Per sette anni (sono, in numero, quelli biblici delle vacche magre) si mangia quanto c’è, cucinandolo come si può (...). Poi, lentamente, quasi senza che ce ne accorgiamo, la normalità ritorna. Il passaggio è tratto dal libro dello scrittore e giornalista Massimo Alberini, "Storia del pranzo all’italiana. Dal triclinio allo snack" (Rizzoli, 1966), pietra miliare della storia della gastronomia. Poche righe per riferire il dramma della seconda guerra mondiale, lo shock che colpì anche il “mangiar bene” italiano e il percorso di recupero verso le tavole imbandite del successivo boom economico. La “guerra” di oggi contro l’insidioso coronavirus è tutt’altra cosa, ma di sicuro le conseguenze economiche per il settore del fuori casa sono pesantissime. Ancora non sappiamo se la normalità, per la ristorazione come per tutto il sistema economico, tornerà in tempi brevi.
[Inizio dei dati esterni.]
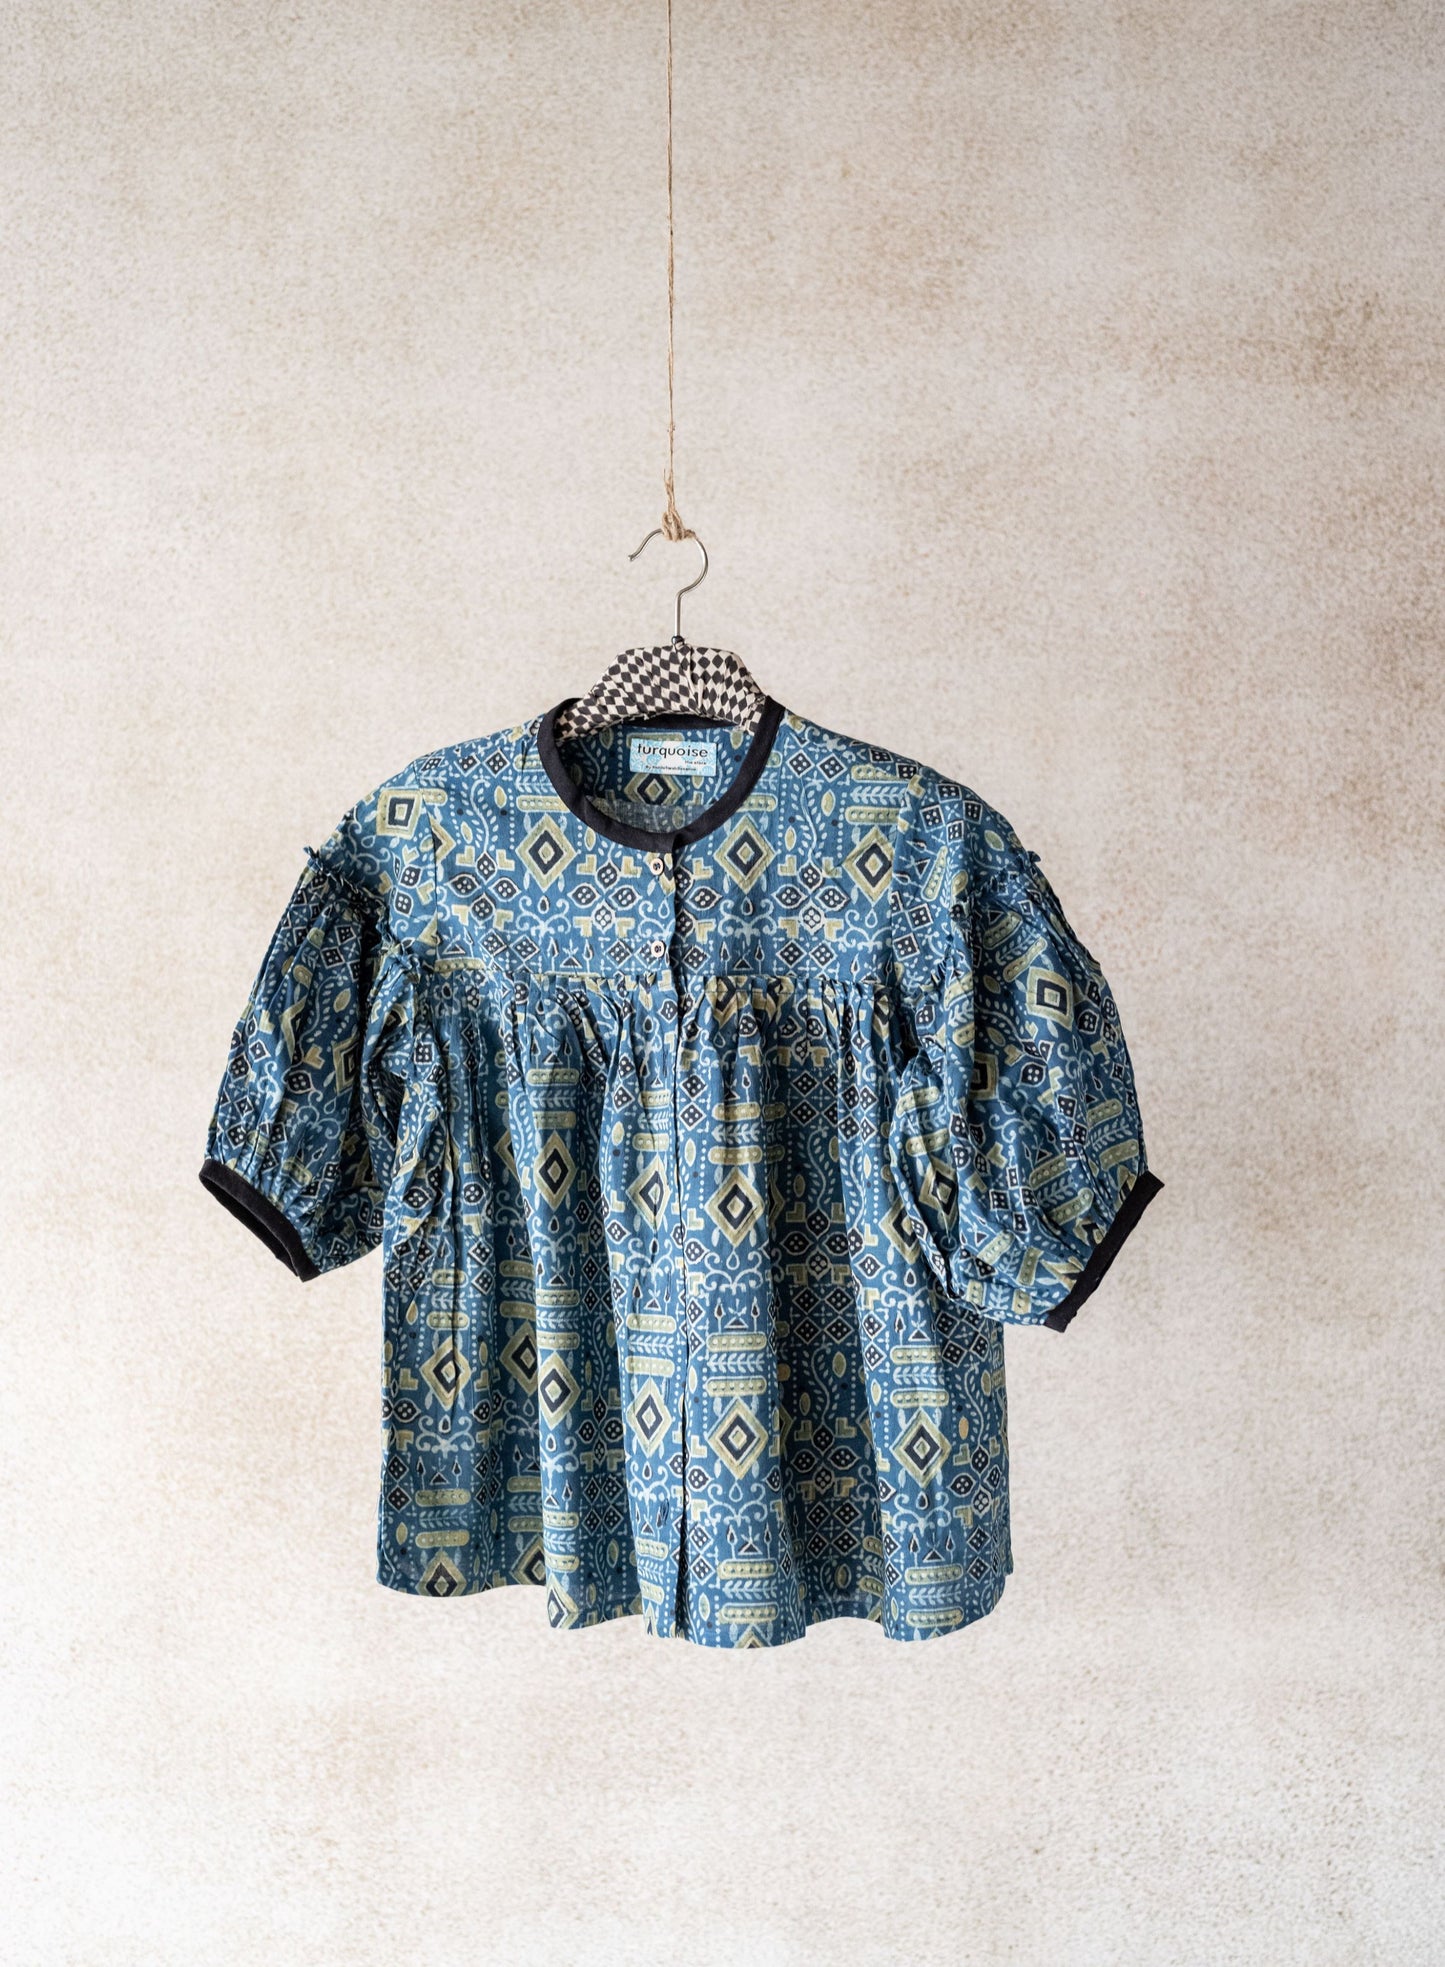 Indigo ajrakh puffed sleeves shirt, Handmade indigo shirt, Indigo women's shirt in cotton

Difficile che torni ad essere la normalità di prima.
Cogliere le opportunità
«Quel che è certo è che ora il ristoratore deve cogliere tutte le opportunità che l’innovazione offre, stare al passo e attrezzarsi aggiustando il business - spiega Giacomo Pini, consulente e titolare di Gp Studios -. La prospettiva, pur con tutta l’incertezza che abbiamo a oggi, è di un semestre/un anno in cui si dovrà rinunciare a un 50% di coperti - ed è una stima prudenziale - a causa delle restrizioni che potrebbero essere necessarie per tenere sotto controllo la pandemia da coronavirus».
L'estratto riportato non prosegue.